Experiment, lots. It's taken me a long time to build up a very small sense of intuition around how best to prompt these things. They remain a black box in many ways. You'll find that certain models respond best to certain styles of prompts. I've found that formatting is very important - a well formatted prompt (Markdown seems reliable) will really help it. And be specific - another tip from Simon Willison - when you want a very specific output. By trying different strategies and engaging with AI at different points, you will build up experience and intuition about what works, and what doesn't. I always refer back to Joshua Wood's blog post on LLM debugging as an inspiring read of one case where things didn't go entirely to plan, but the author was able to reflect and learn from it.
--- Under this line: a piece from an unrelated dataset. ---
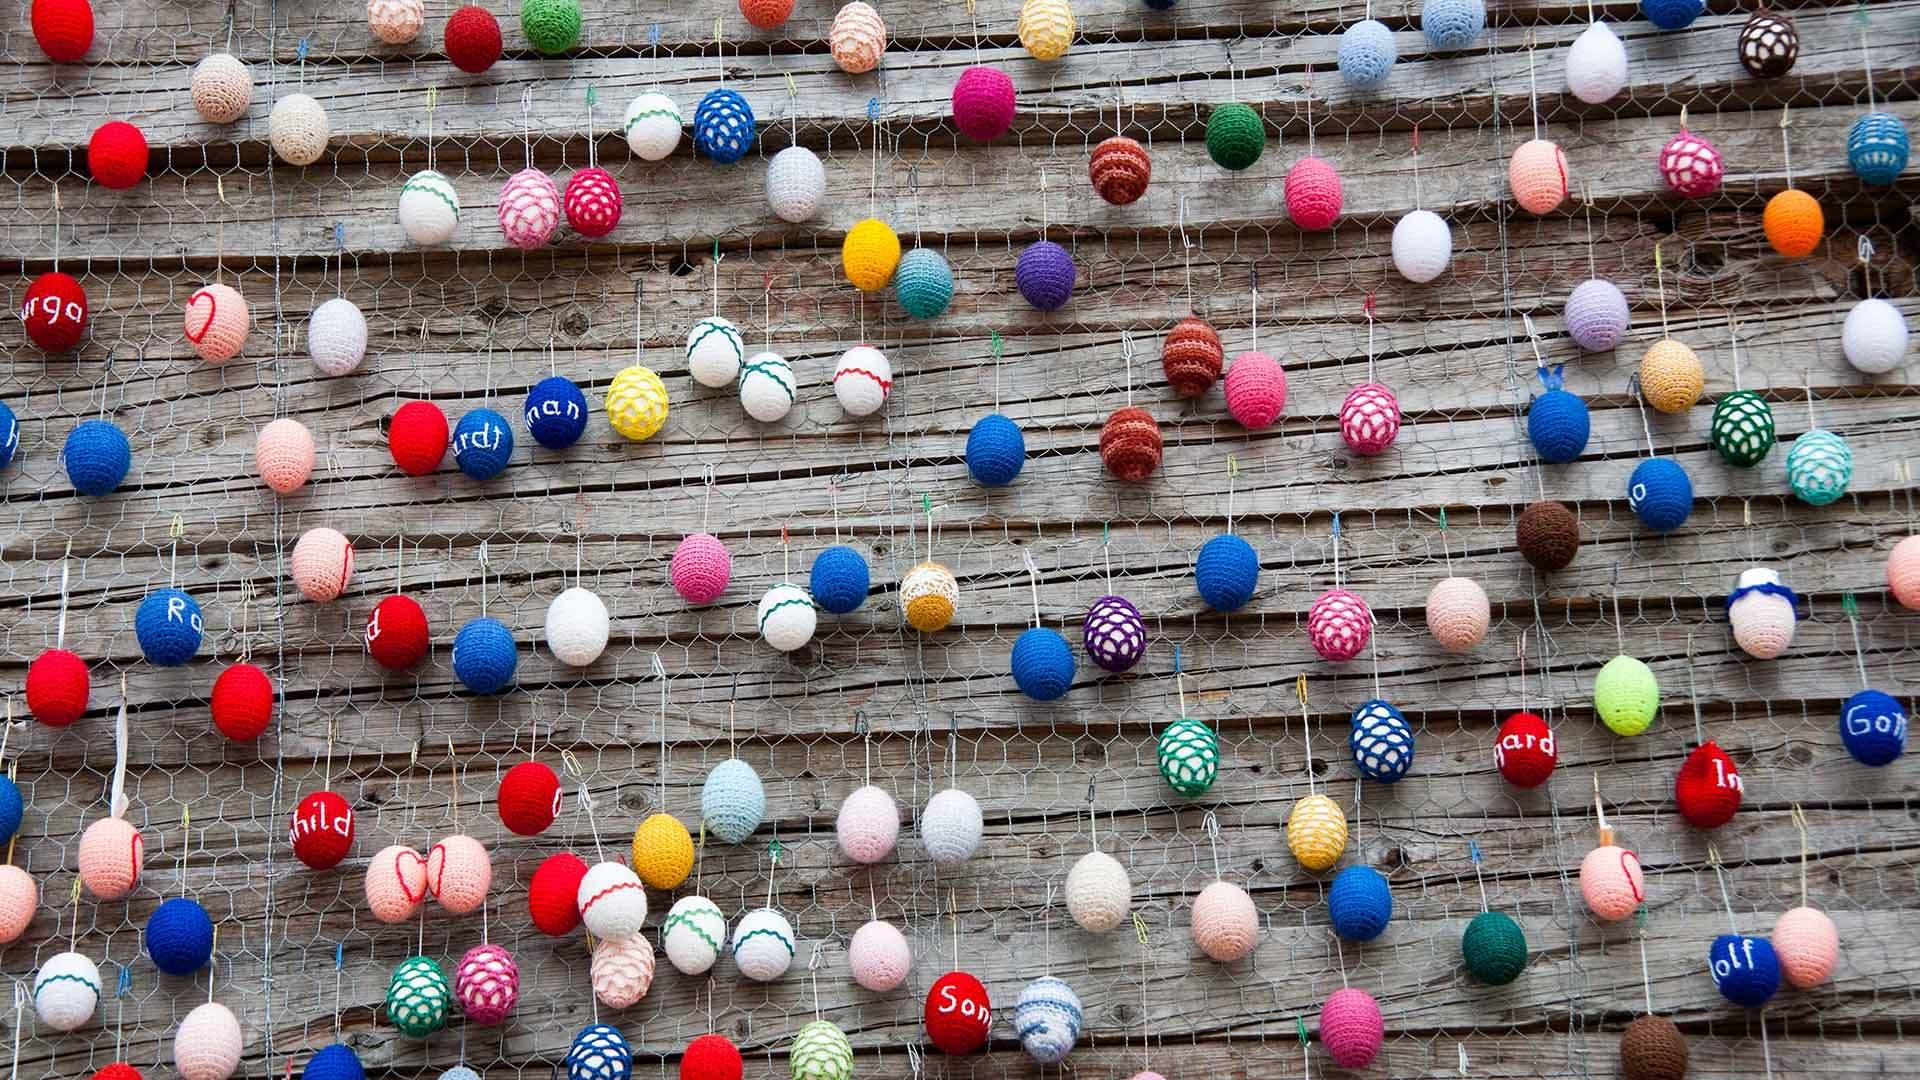 柏林亚历山大广场的复活节装饰复活节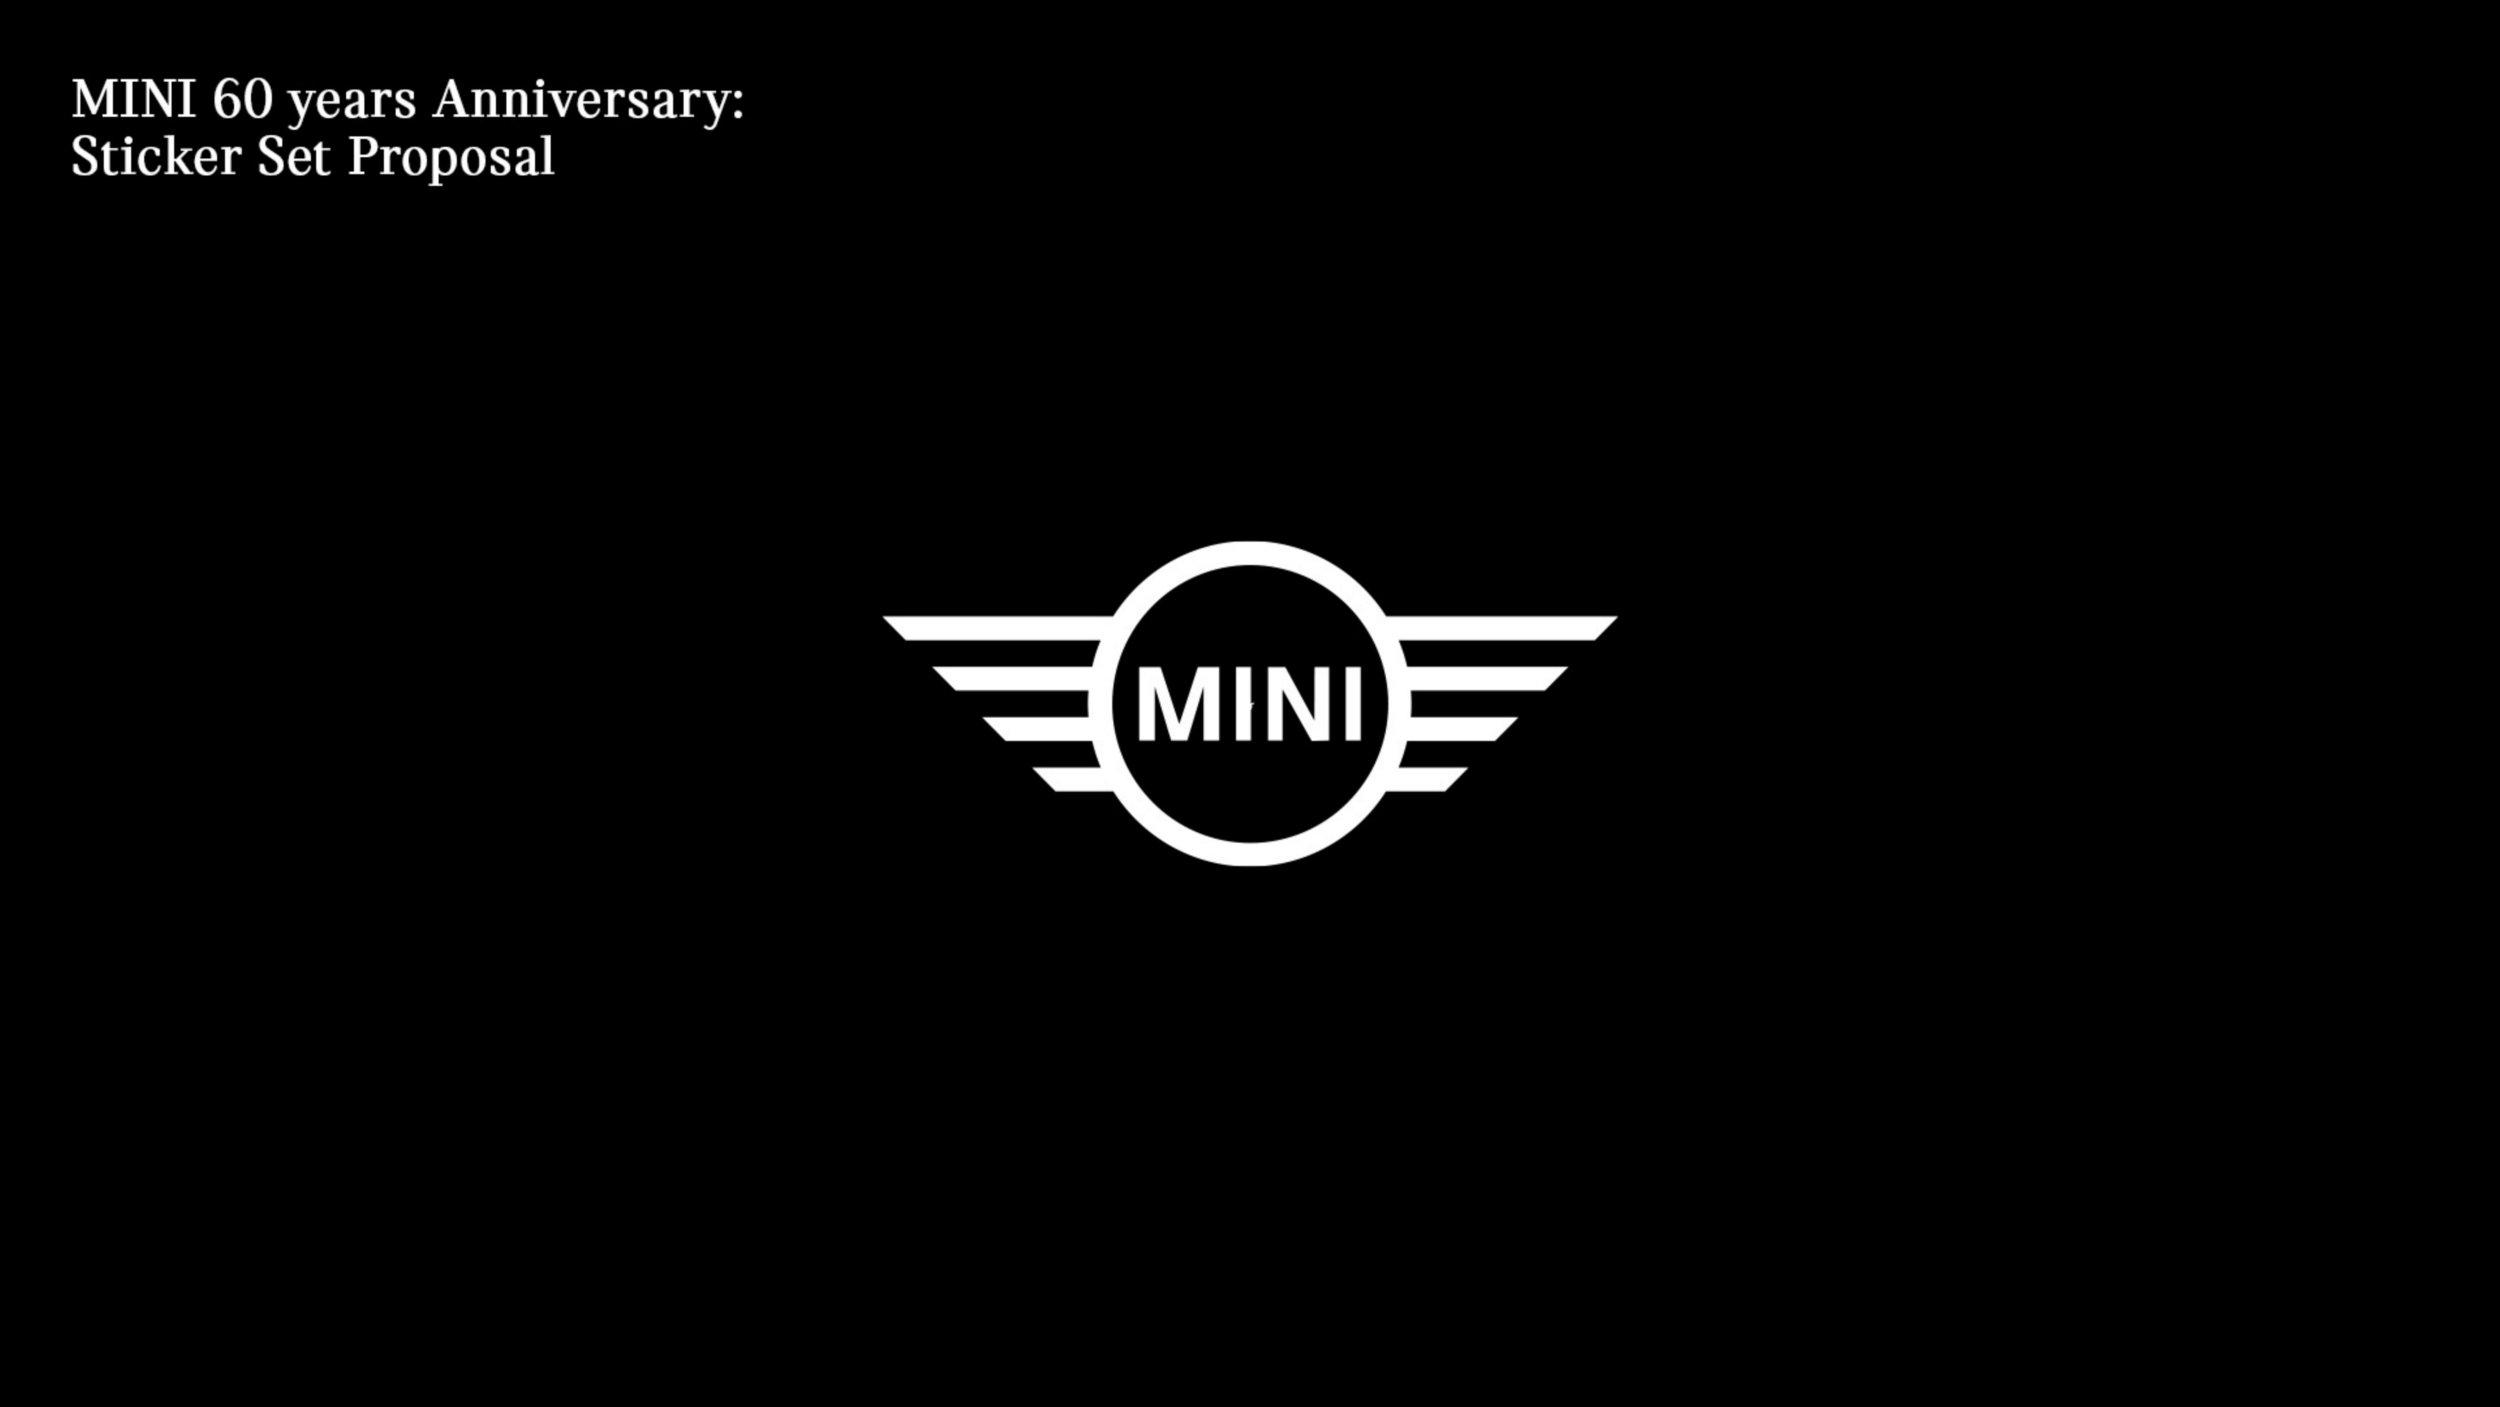 MINI_Sticker_final-01.jpg

Read and watch how others do it. I've found a lot of tips out of seeing others embrace AI to be inspiring and helpful. Simon Willison, Lawrence Jones and the Incident.io blog have been a large source of content, but I'm sure there are many others (please share them with me!)
Don't trust it. If it generates code for you, review that code incredibly carefully, and test it, lots. Check its answers seem reasonable and use your common sense when blindly copying and pasting its output.
Share with your colleagues. On my team at work people often do presentations or share examples where they found the use of AI a major productivity boost. People also show examples of it getting it completely wrong! Compare notes and tricks from your colleagues; you may even be able to work together to help the AI understand your particular product and codebase to improve its suggestions for all of you.
Embracing AI augmented engineering
AI is here to stay in software development. We don't know long-term what it will look like, and we don't know how capable they will be or where their limits are, but it's clear that even if no progress was made from this day forward, the tools provide clear benefit.
The immediate threat to engineering jobs is likely overstated but what's clearer is that in a world where AI can offer tangible productivity benefits - provided you use it thoughtfully and critically - staying on the sidelines means potentially missing out. Don't make the same mistake I initially did; consider how these tools can augment your workflow and embrace them.